● Task statement: Set down, word for word, every line of the material below from the one containing "Alarko ALG 60/2, ALG" through the one containing "- Bourses & Salons De Collections", but none of its pictures.

● Input:
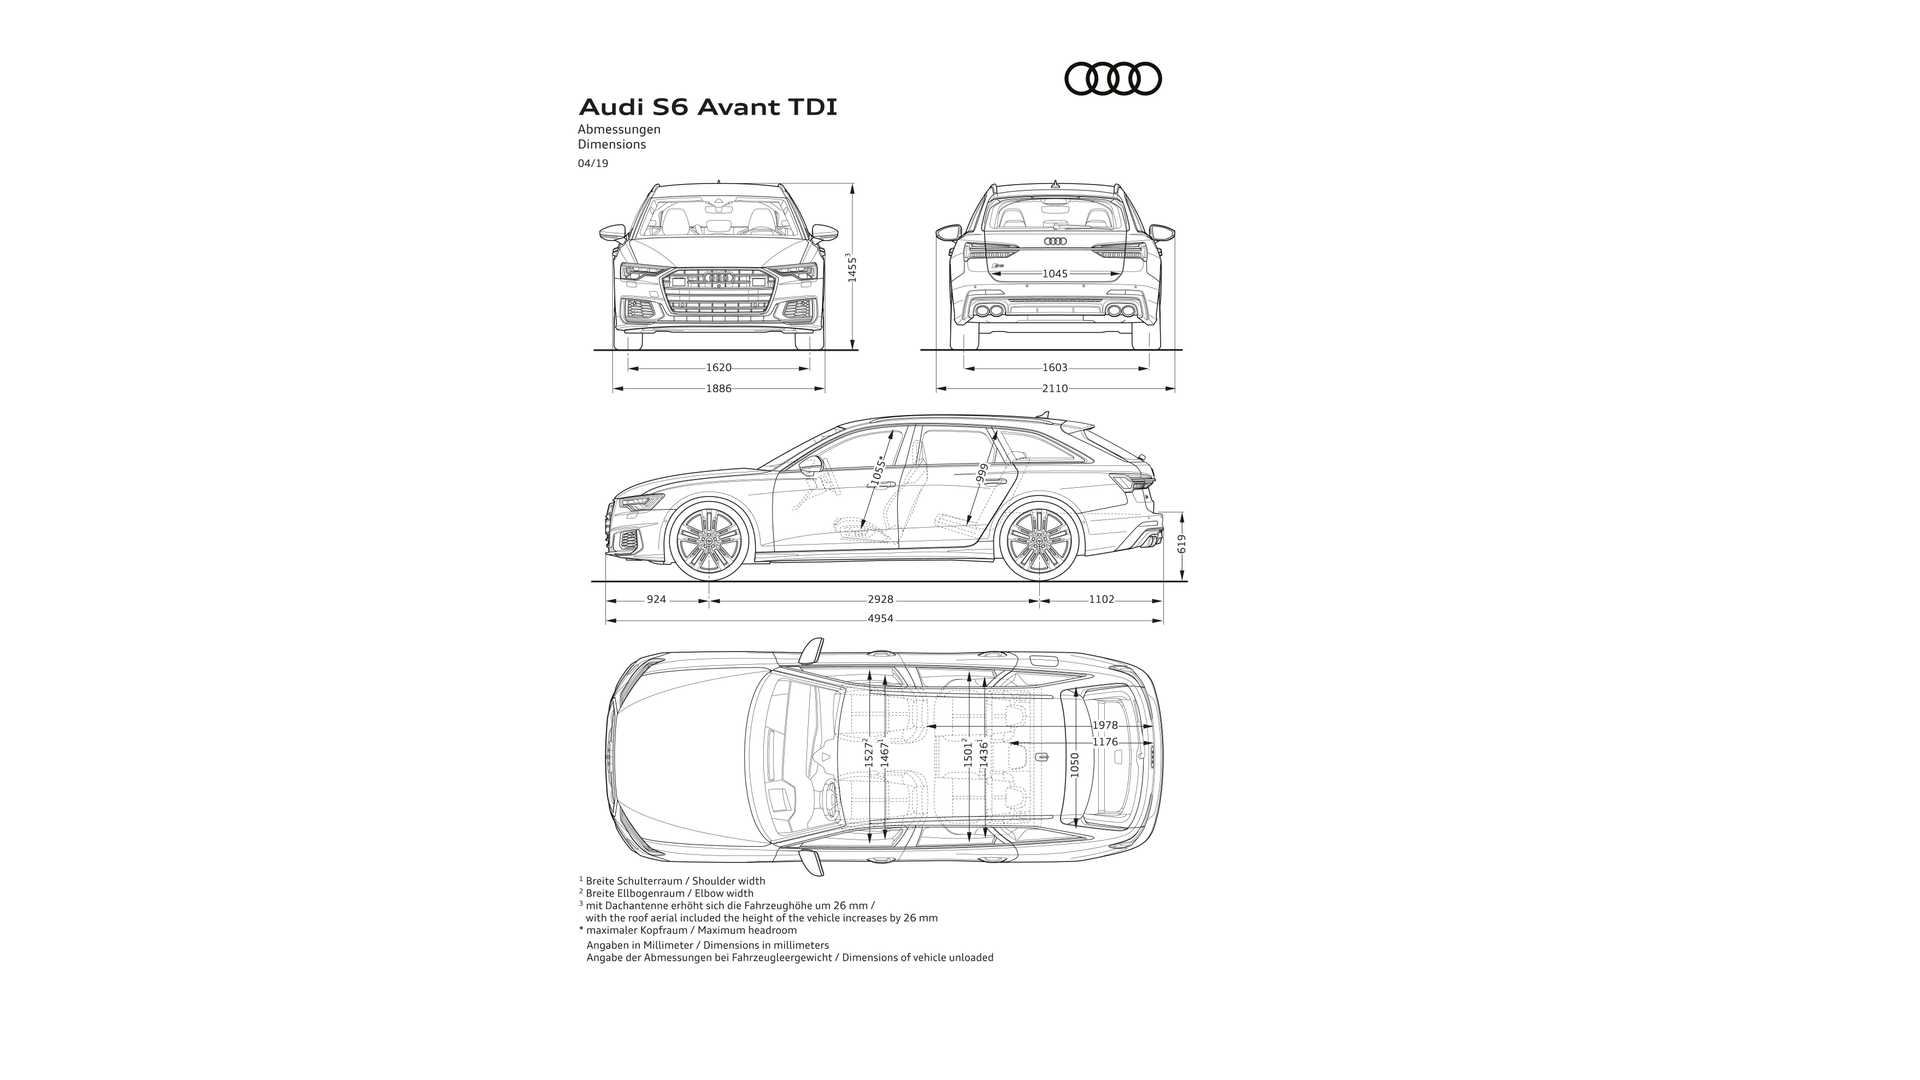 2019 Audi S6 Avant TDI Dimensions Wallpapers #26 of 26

==

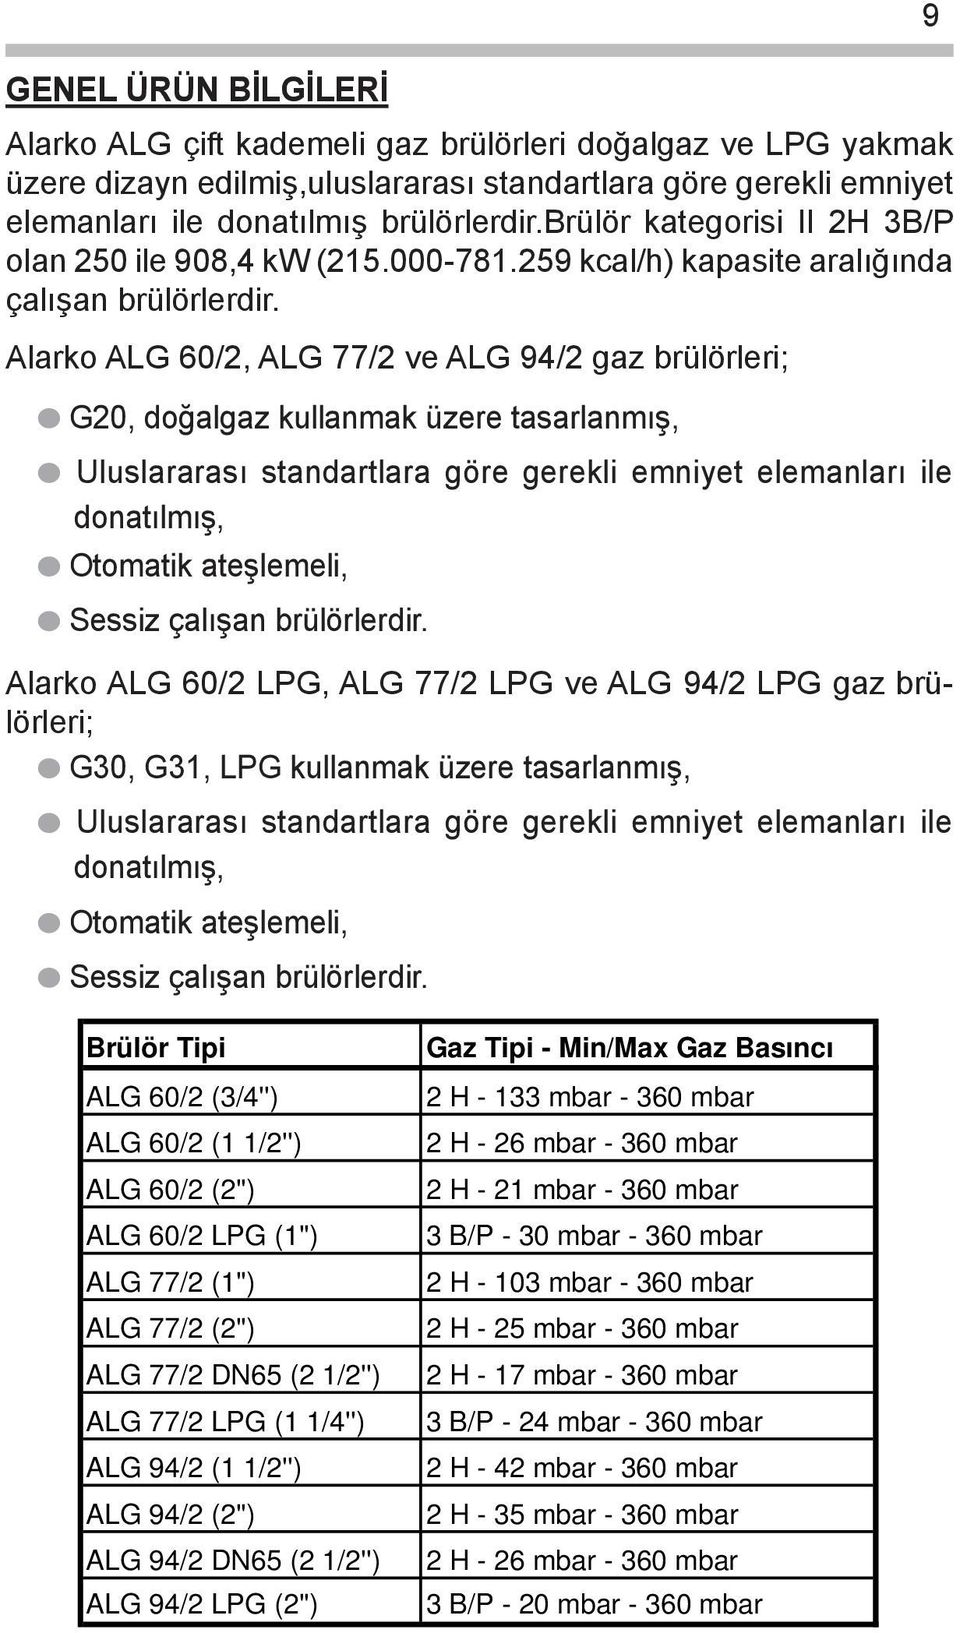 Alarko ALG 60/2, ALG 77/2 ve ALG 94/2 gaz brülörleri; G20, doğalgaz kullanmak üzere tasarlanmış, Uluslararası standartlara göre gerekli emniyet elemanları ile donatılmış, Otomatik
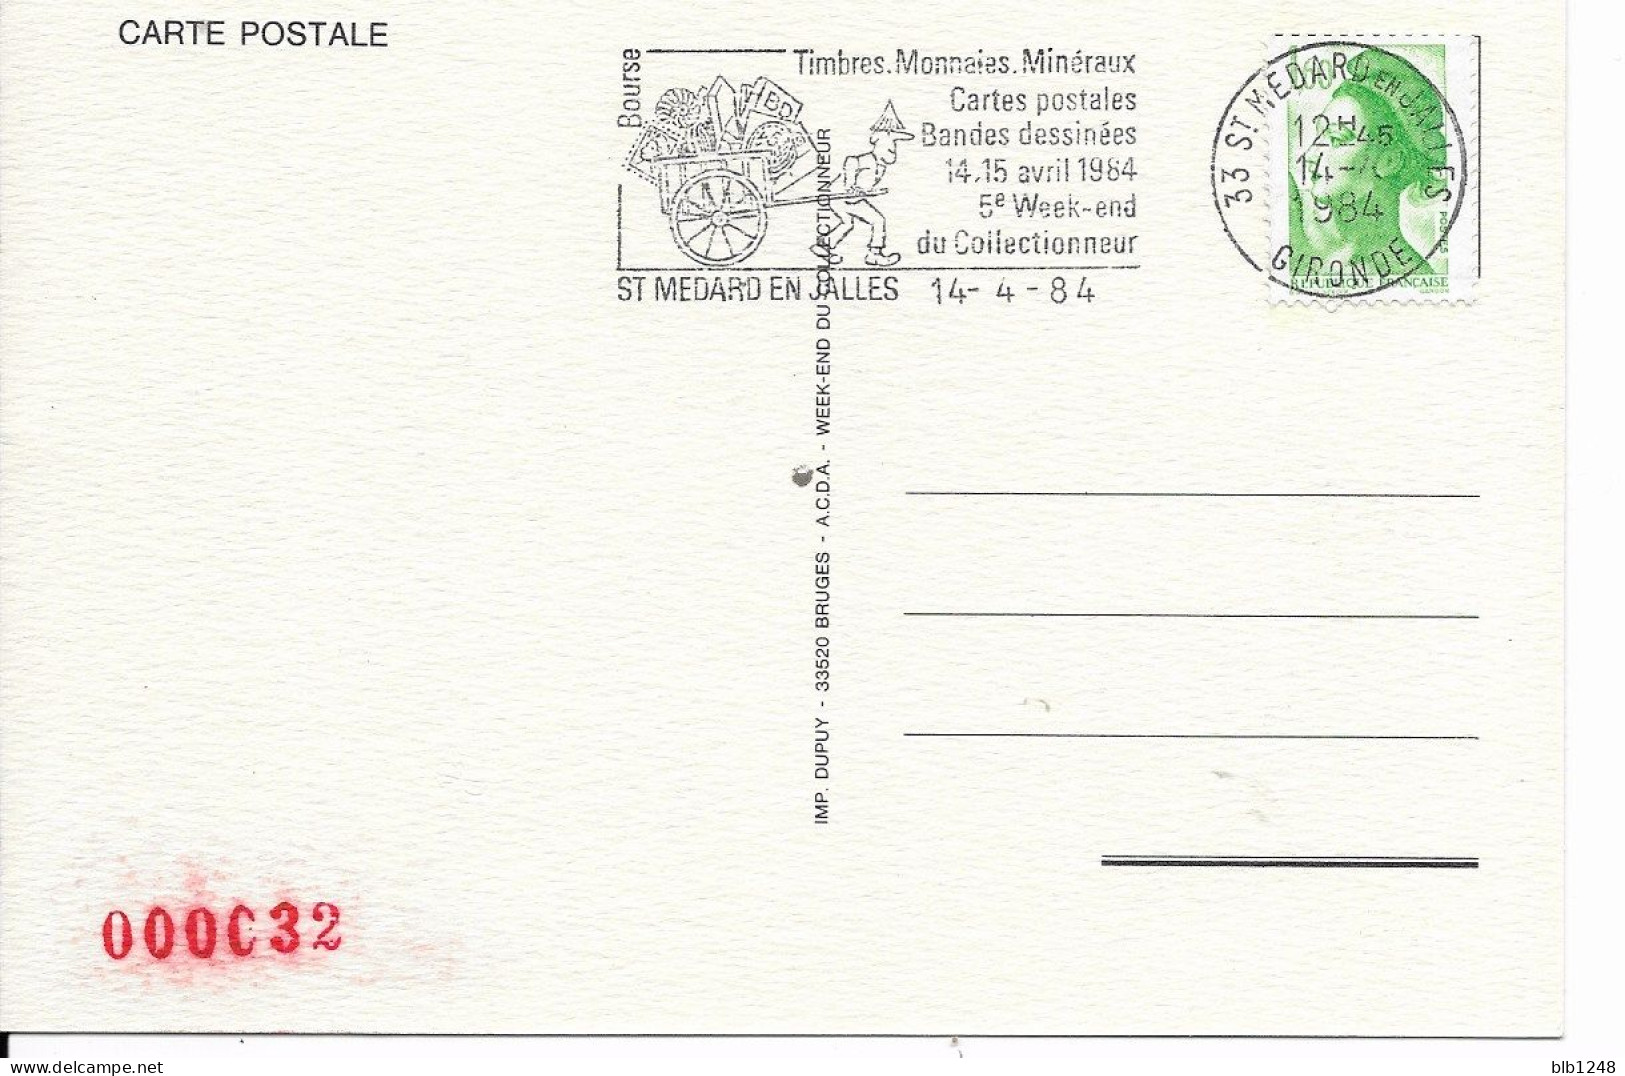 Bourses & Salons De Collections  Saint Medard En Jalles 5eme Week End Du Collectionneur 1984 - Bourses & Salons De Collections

● Answer section:
 Alarko ALG 60/2, ALG 77/2 ve ALG 94/2 gaz brülörleri; G20, doğalgaz kullanmak üzere tasarlanmış, Uluslararası standartlara göre gerekli emniyet elemanları ile donatılmış, Otomatik
 Bourses & Salons De Collections  Saint Medard En Jalles 5eme Week End Du Collectionneur 1984 - Bourses & Salons De Collections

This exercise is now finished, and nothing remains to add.